Helen Alvaré, professor of law at George Mason University and founder of Women Speak for Themselves, spoke on how ideas about women have developed since the publication of “On the Dignity and Vocation of Women” in 1988 and how the Church might respond to those changes.

“We have had a more or less ‘natural experiment’ over the last several decades, allowing us to observe what happens when a substantial number of women can choose how they wish to spend their lives,” she explained. 

The “preliminary results” show that “women still wish for the most part to marry and to have children” and that “women are happy to exercise their talents outside the home as well as in it.” Moreover, “when they are mothers, most women prefer to work part-time or in cycles responsive to their children’s needs.”

“Furthermore,” Alvaré went on, “modern empirical data is confirming the beneficial effects, not only of attending to the importance of stable relationships in personal lives, but of participating in labor imbued with meaning as human service.”

Women “work in the classic ‘caring-professions’ — teacher, nurse, social worker, etc. — and are now adding to that list lawyers, doctors and politicians.”

 

Women’s Mission of Service

What might this mean for the Church?

“Women seem naturally suited to communicate Pope Francis’ stunning calls to re-energize the Church’s mission to serve the dispossessed of this world,” she proposed.
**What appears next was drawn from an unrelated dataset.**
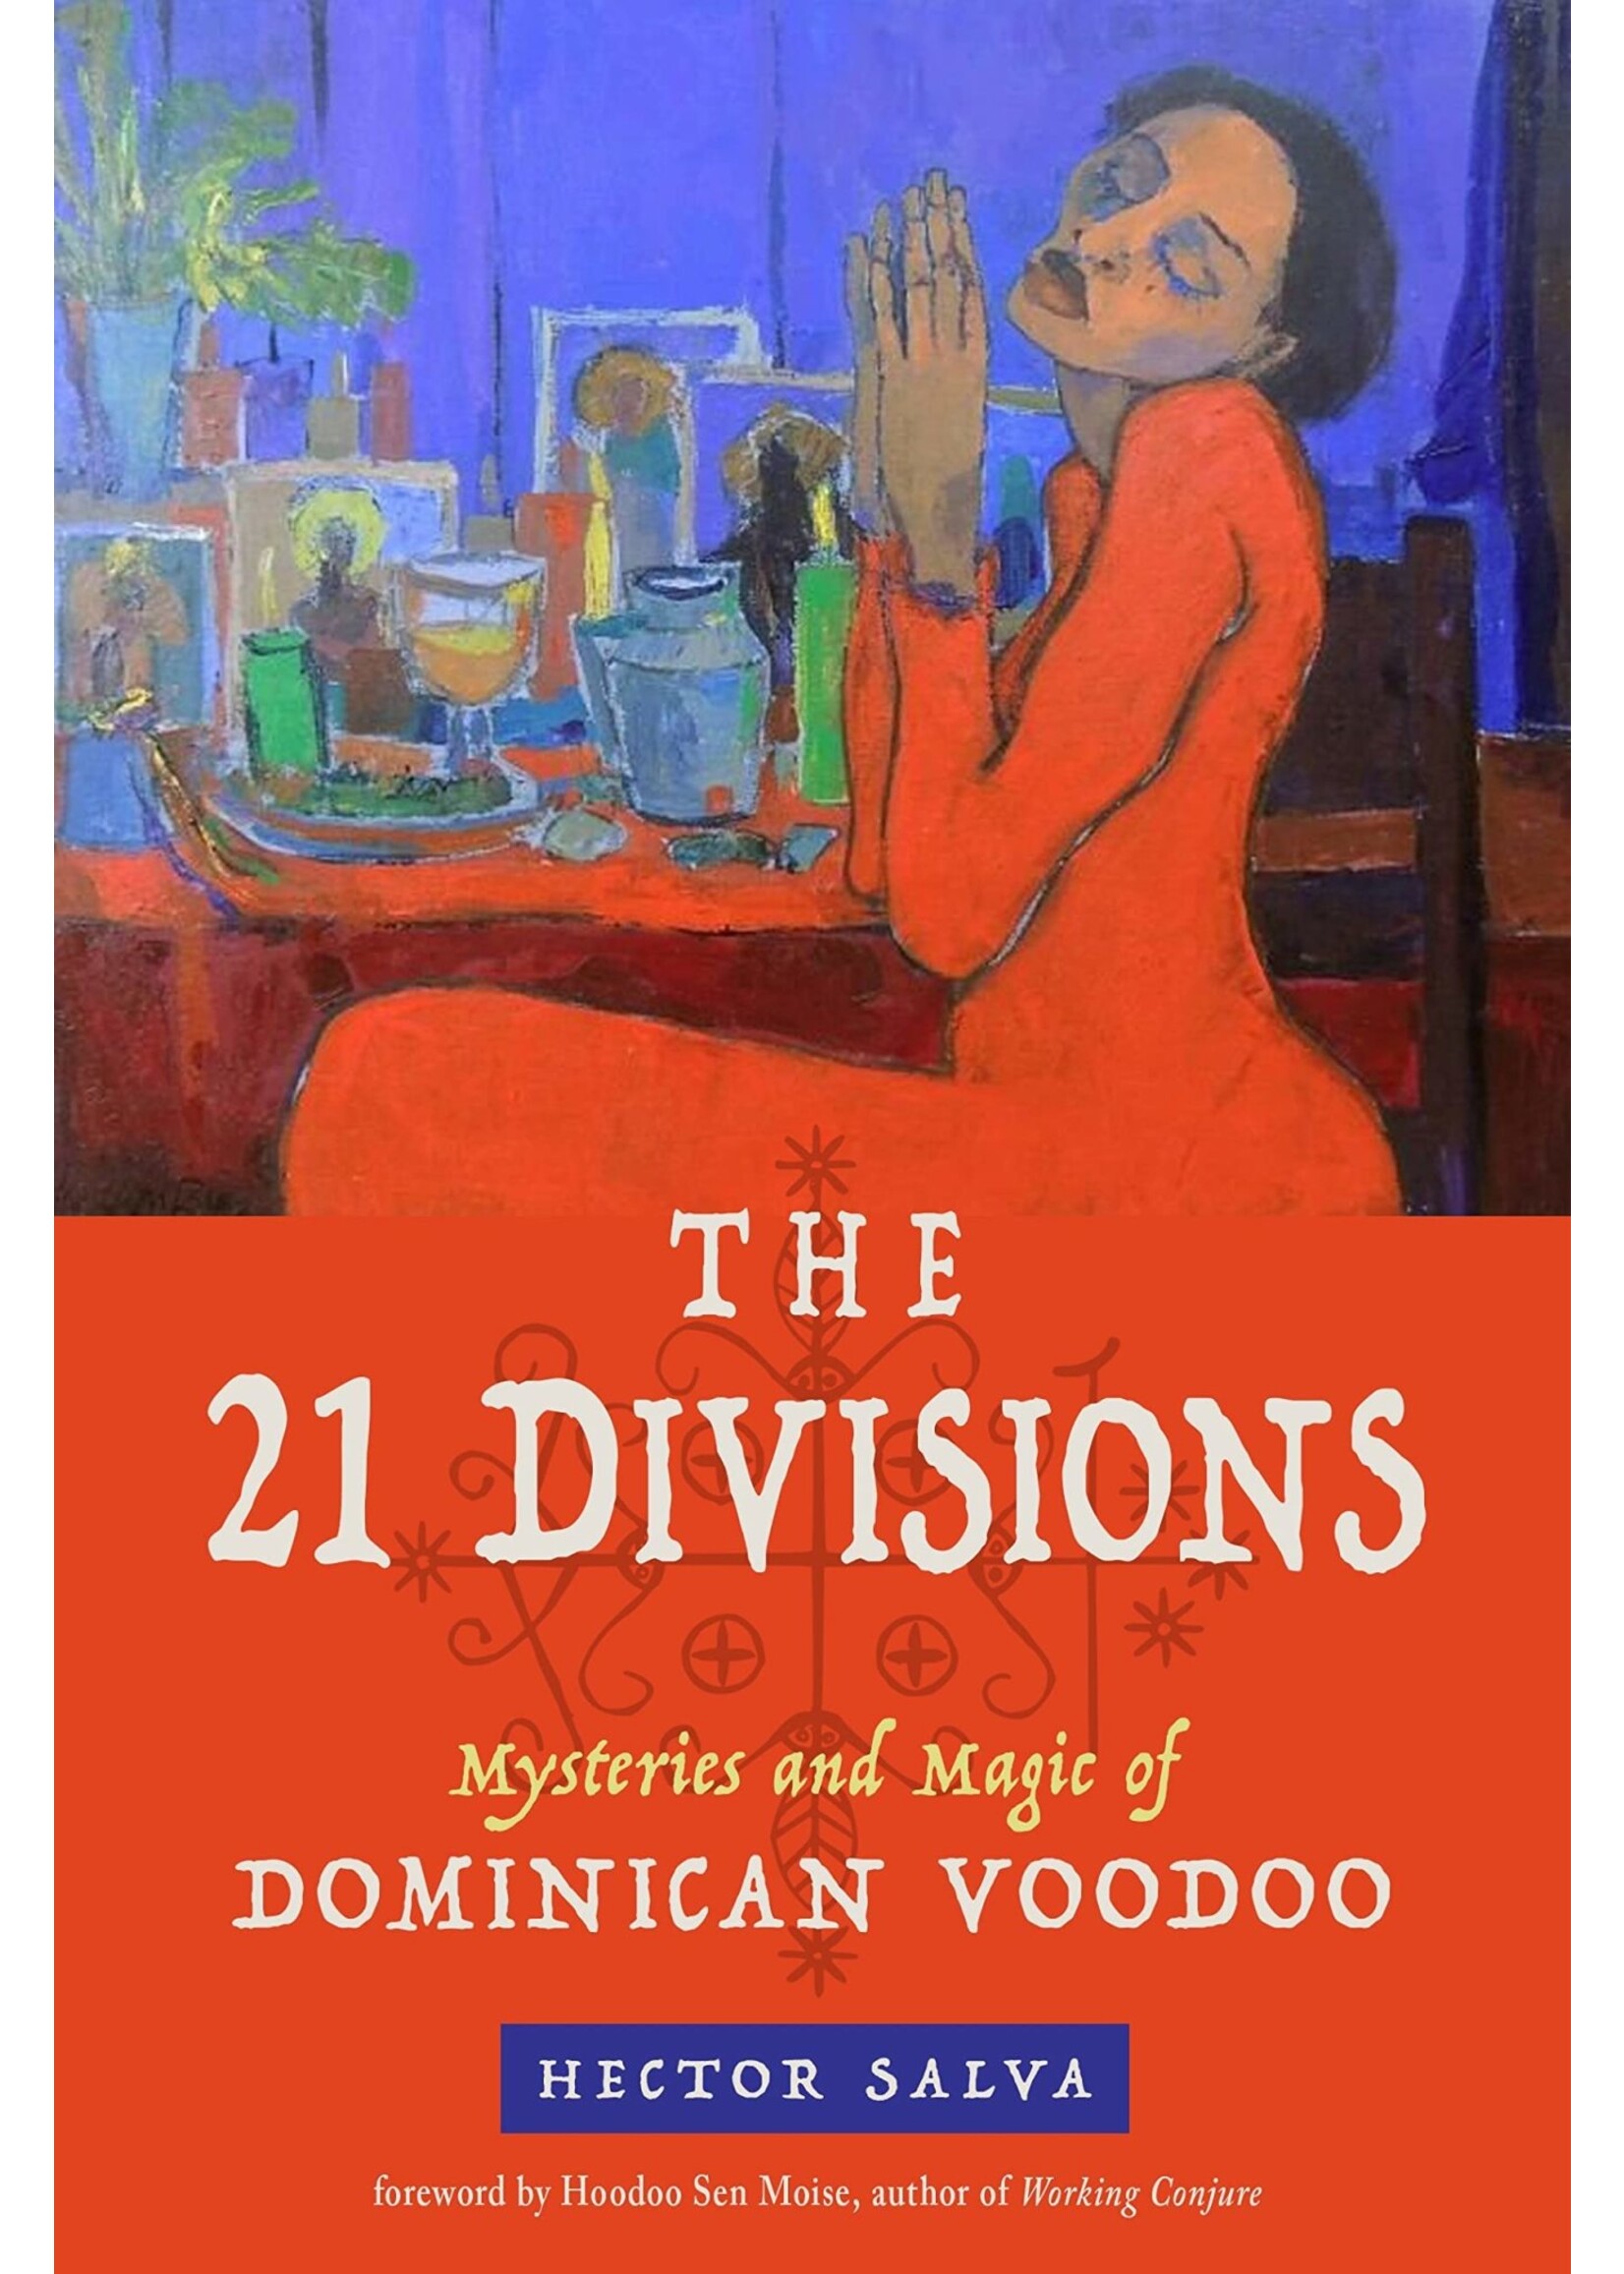 The 21 Divisions Mysteries and Magic of Dominican Voodoo

“Women’s natural gifts … as well as their centuries of experience of work directly with the marginalized … make them natural leaders and communicators in all of these areas,” concluded Alvaré.

Her words were immediately verified by women from around the globe, who began a lively discussion on how to better serve those individuals and families of the world who struggle with situations such as poverty or abuse.

Priscilla Kuye, the first and only female president of the Nigerian Bar Association, noted the need to encourage families to give girls, as well as boys, an education — a practice that is not often embraced in the more rural parts of her home country.

Jocelyne Khoueiry, co-founder of the Catholic feminine movement “La Libanaise-Femme du 31 Mai,” spoke of her involvement in the John Paul II Center of Social and Cultural Services in Jounieh, Lebanon. The center was begun not only to help alleviate poverty, but to address the “psycho-social” needs of individuals, couples and families wounded by many years of war and political unrest. 

Many others joined the conversation with questions or contributions about their own experiences.

The seminar featured many different presentations and panel discussions on topics such as “What is the outcome of the sexual revolution 40 years on?” and “Legal protection of life and family.” The three-day seminar concluded with a meeting with Pope Francis on Saturday.

Seminar papers will be posted on the council’s website, www.laici.va.